Compact Subspace of Hausdorff Space is Closed/Proof 2
Theorem
Let $H = \struct {A, \tau}$ be a Hausdorff space.
Let $C$ be a compact subspace of $H$.
Then $C$ is closed in $H$.
Proof
For a subset $S \subseteq A$, let $S^{\complement}$ denote the relative complement of $S$ in $A$.

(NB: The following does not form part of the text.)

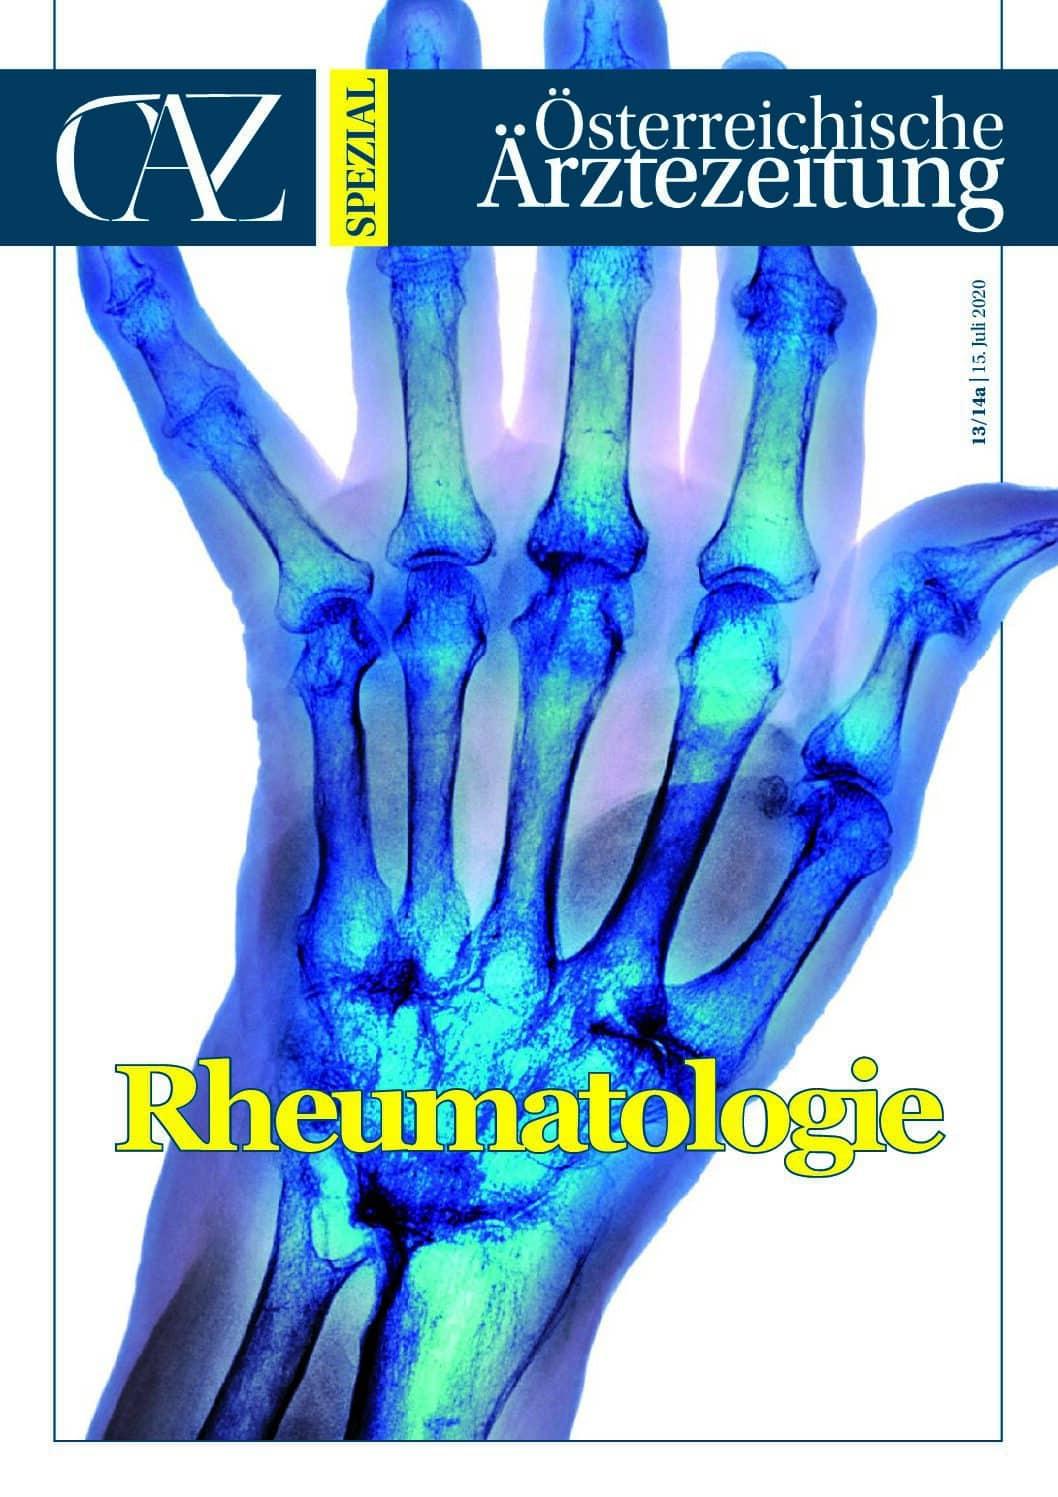 OAZ Spezial Rheumatologie 2020

Consider an arbitrary point $x \in C^{\complement}$.
Define the set:
- $\ds \OO = \set {V \in \tau: \exists U \in \tau: x \in U \subseteq V^\complement}$
By Empty Intersection iff Subset of Complement:
- $U \subseteq V^\complement \iff U \cap V = \O$
Hence, by the definition of a Hausdorff space, it follows that $\OO$ is an open cover for $C$.
By the definition of a compact subspace, there exists a finite subcover $\FF$ of $\OO$ for $C$.
By the Principle of Finite Choice, there exists an $\FF$-indexed family $\family {U_V}_{V \mathop \in \FF}$ of elements of $\tau$ such that:
- $\forall V \in \FF: x \in U_V \subseteq V^\complement$
Define:
- $\ds U = \bigcap_{V \mathop \in \FF} U_V$
By General Intersection Property of Topological Space:
- $U \in \tau$
Clearly, $x \in U$.
We have that:
\(\ds U\) | \(\subseteq\) | \(\ds \bigcap_{V \mathop \in \FF} \paren {V^\complement}\) | Set Intersection Preserves Subsets | |||||||||||
\(\ds \) | \(=\) | \(\ds \paren {\bigcup \FF}^\complement\) | De Morgan's laws | |||||||||||
\(\ds \) | \(\subseteq\) | \(\ds C^\complement\) | Definition of Cover of Set and Relative Complement inverts Subsets |
From Subset Relation is Transitive, we have that $U \subseteq C^\complement$.
Hence $C^\complement$ is a neighborhood of $x$.
From Set is Open iff Neighborhood of all its Points:
- $C^\complement \in \tau$
That is, $C$ is closed in $H$.
$\blacksquare$